Instructions to follow
Output everything in the data exactly, leaving the pictures out.

Provided material
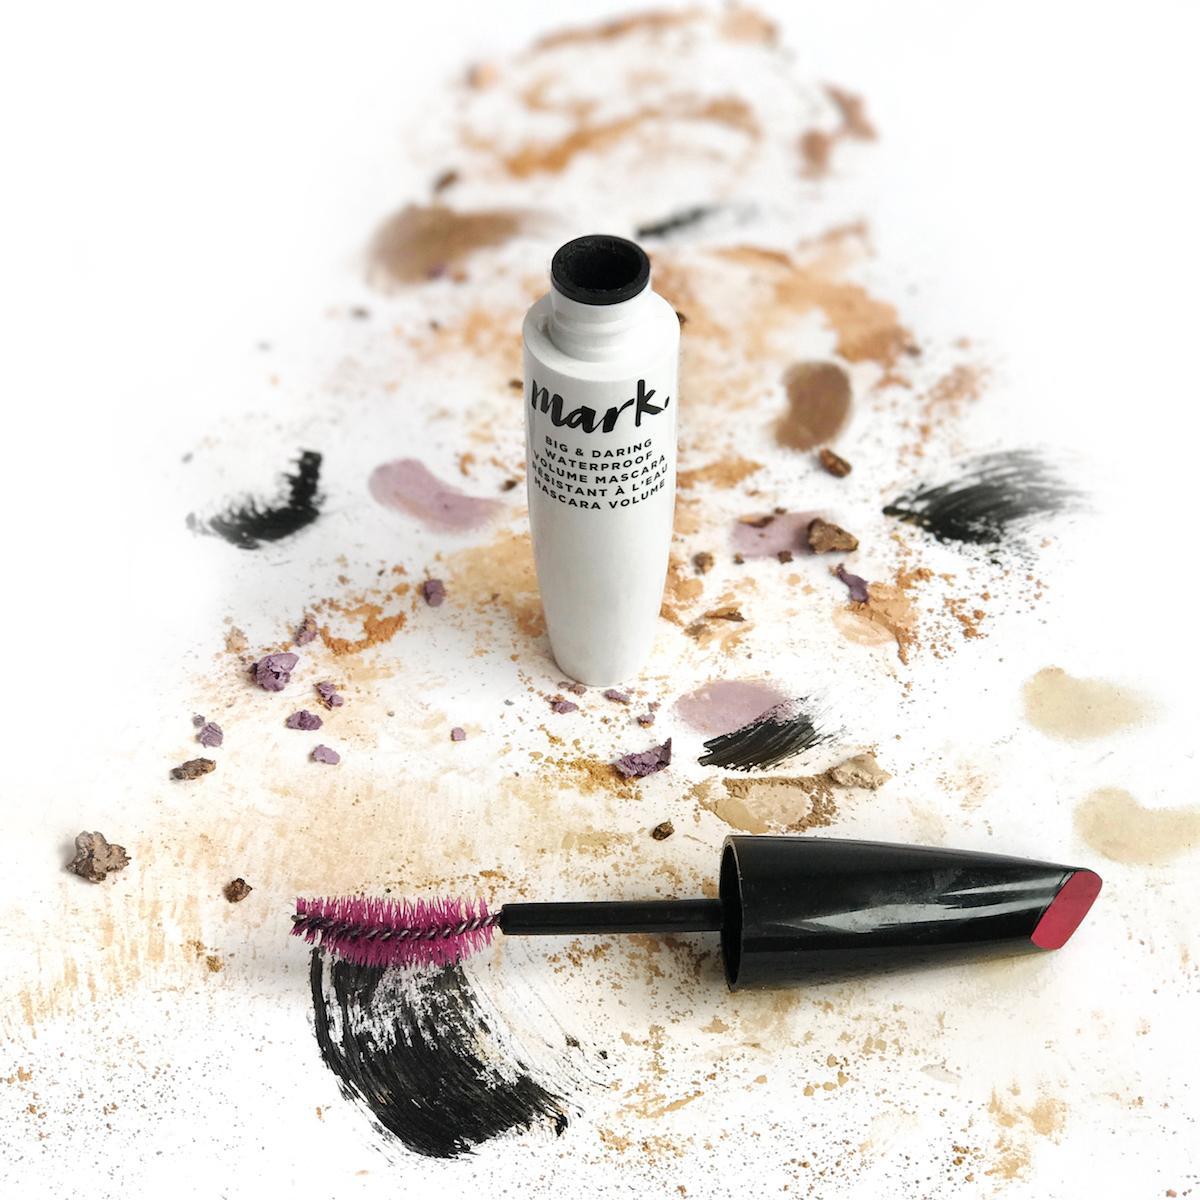 Avon Mark Avon Mark Big & Daring Volume Mascara Waterproof Beautyfullblog
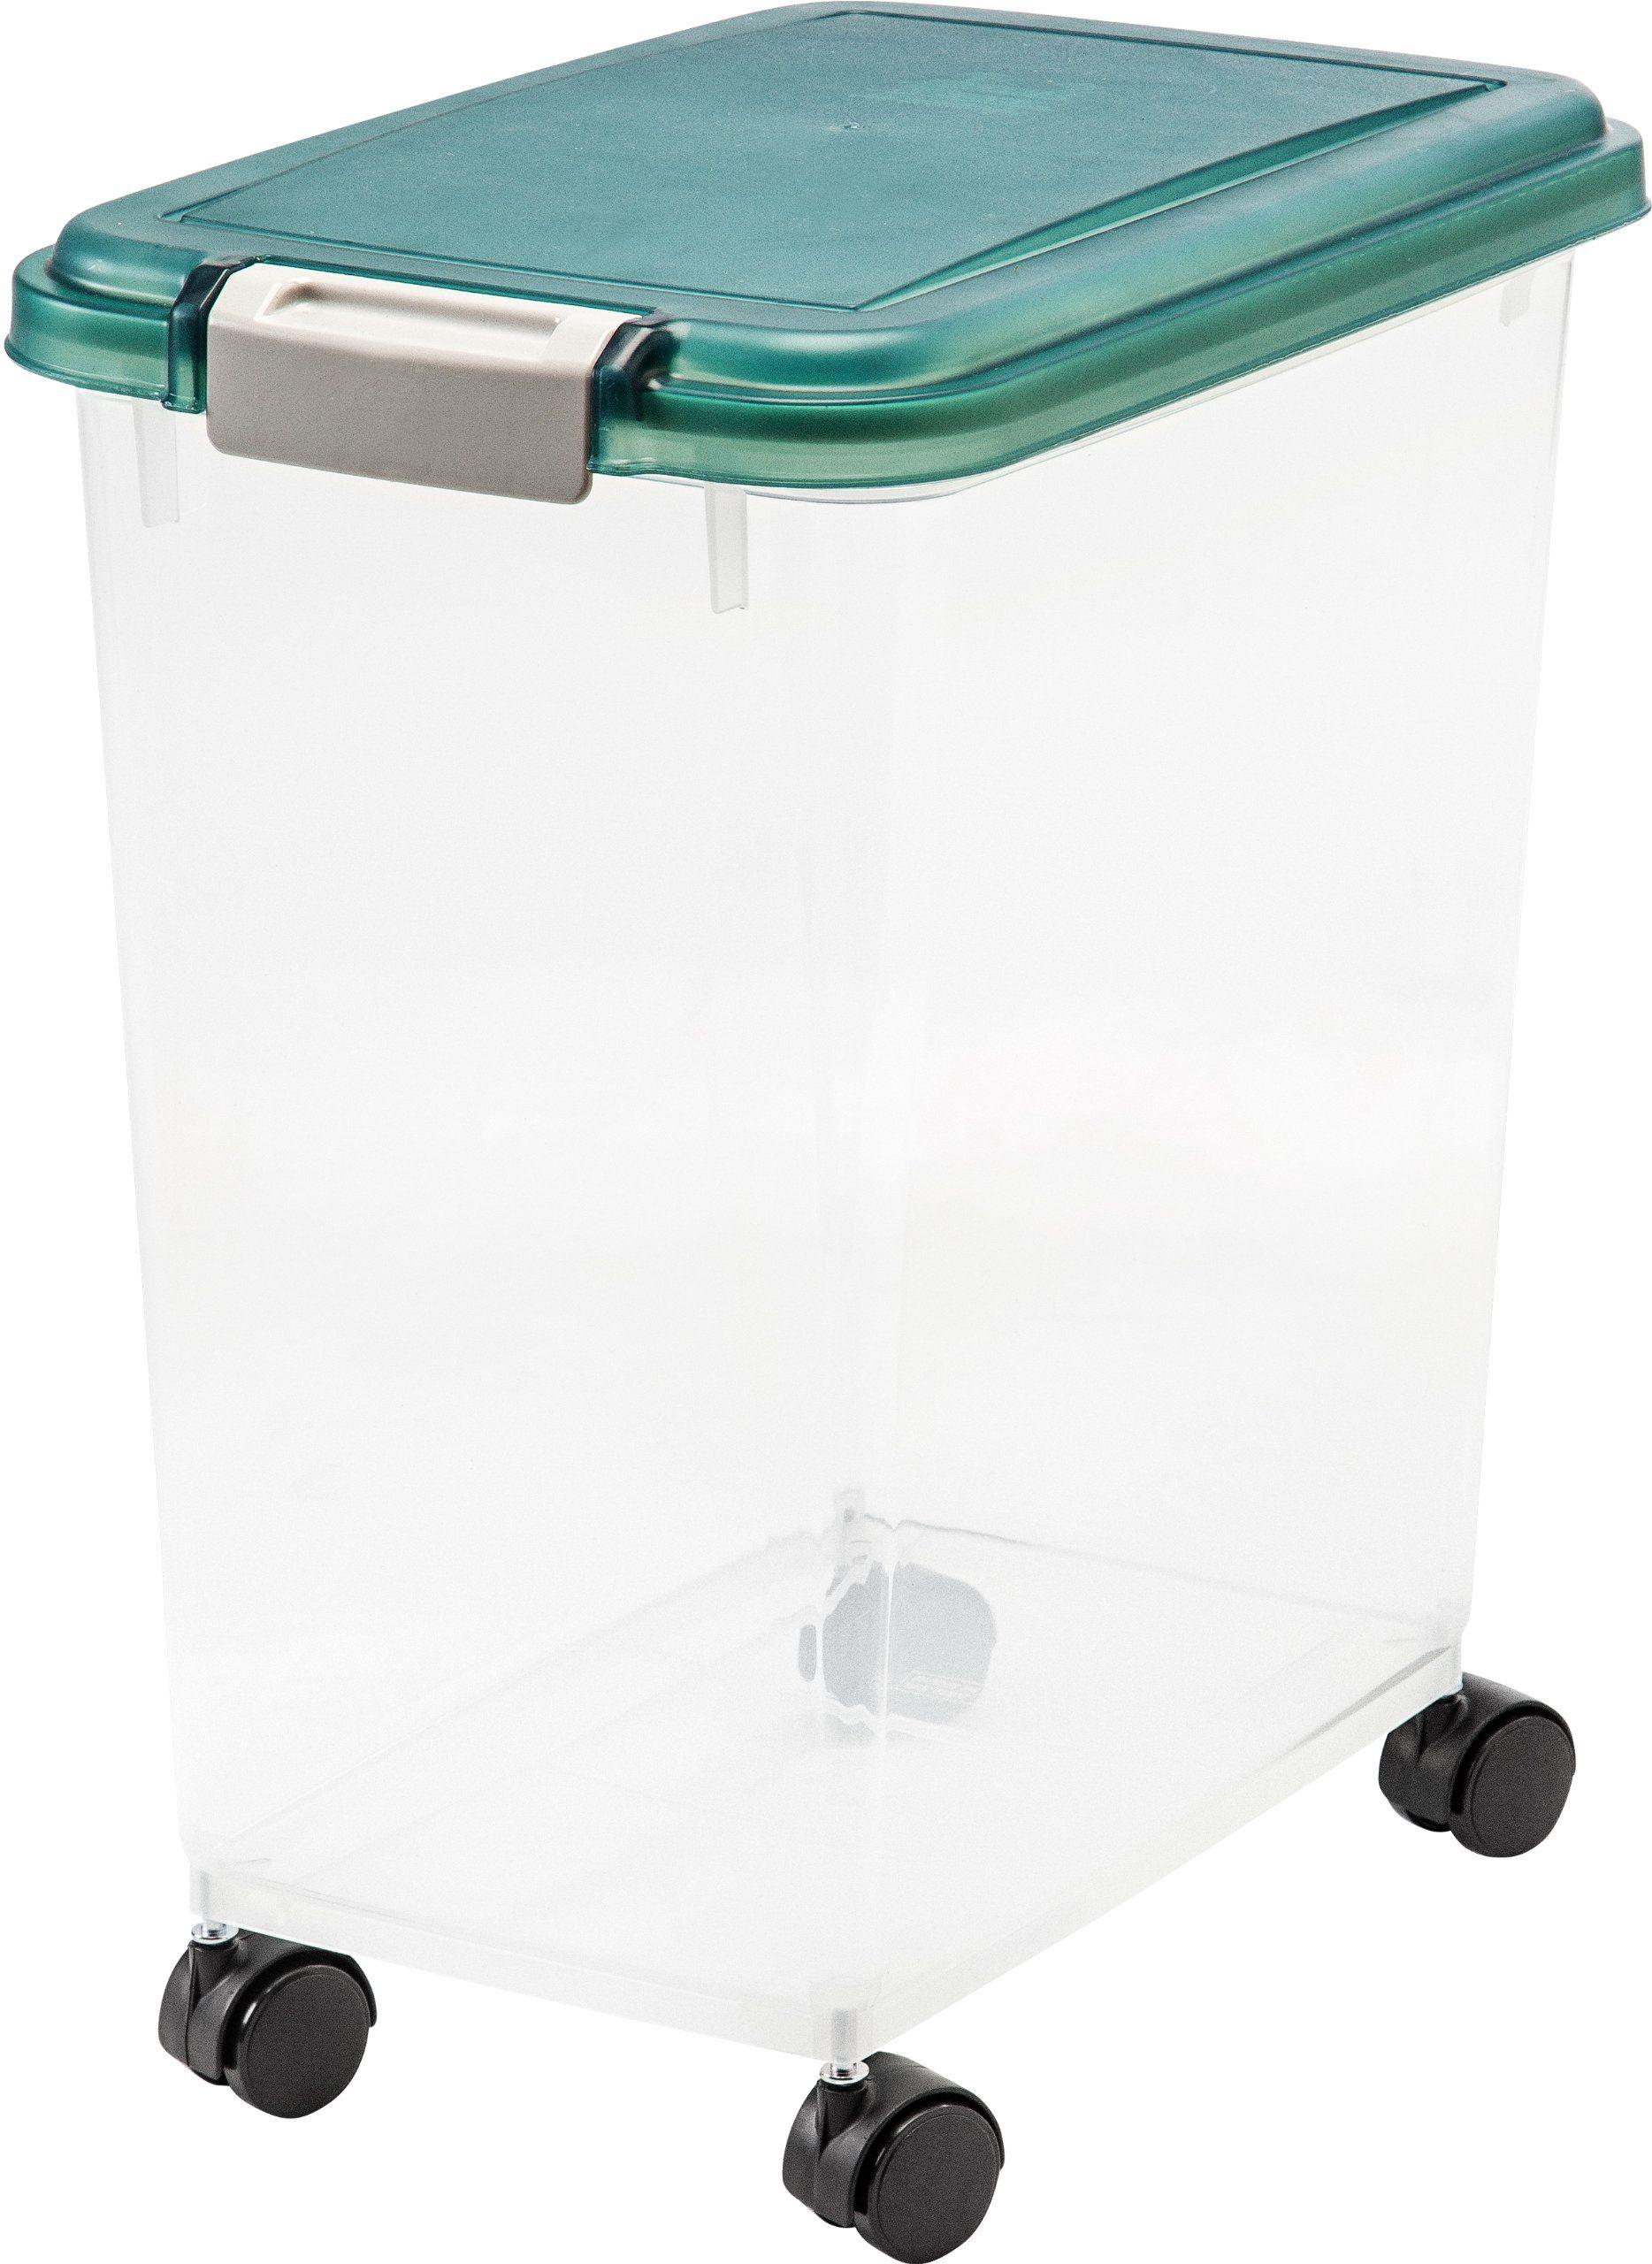 Iris Airtight Pet Food Storage Container Combo Pet Airtight
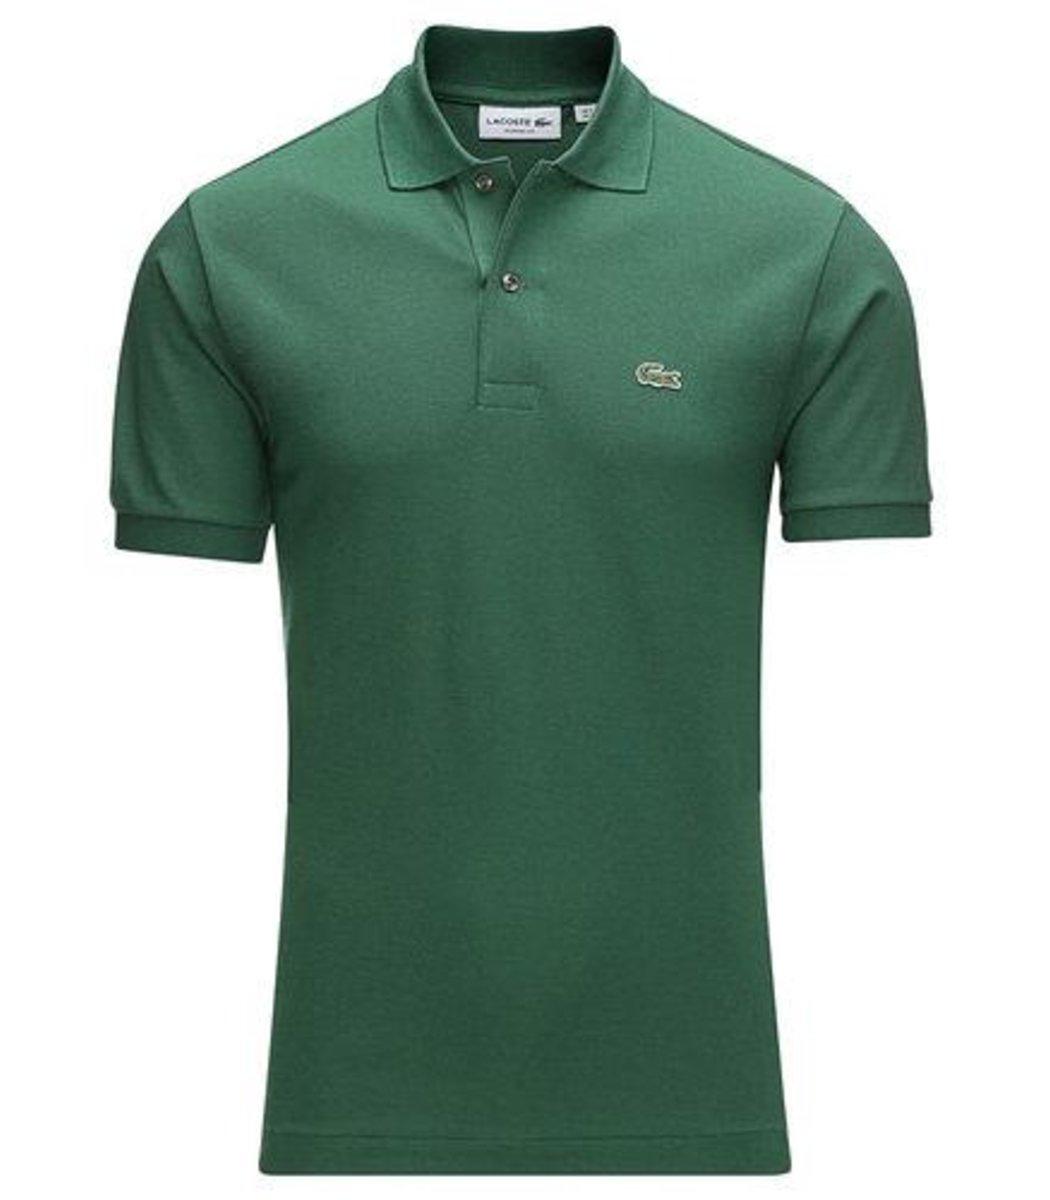 Мужская темно-зеленая футболка поло Lacoste  - темно-зеленый - Вид 1

Task response
 Avon Mark Avon Mark Big & Daring Volume Mascara Waterproof Beautyfullblog
 Iris Airtight Pet Food Storage Container Combo Pet Airtight
 Мужская темно-зеленая футболка поло Lacoste  - темно-зеленый - Вид 1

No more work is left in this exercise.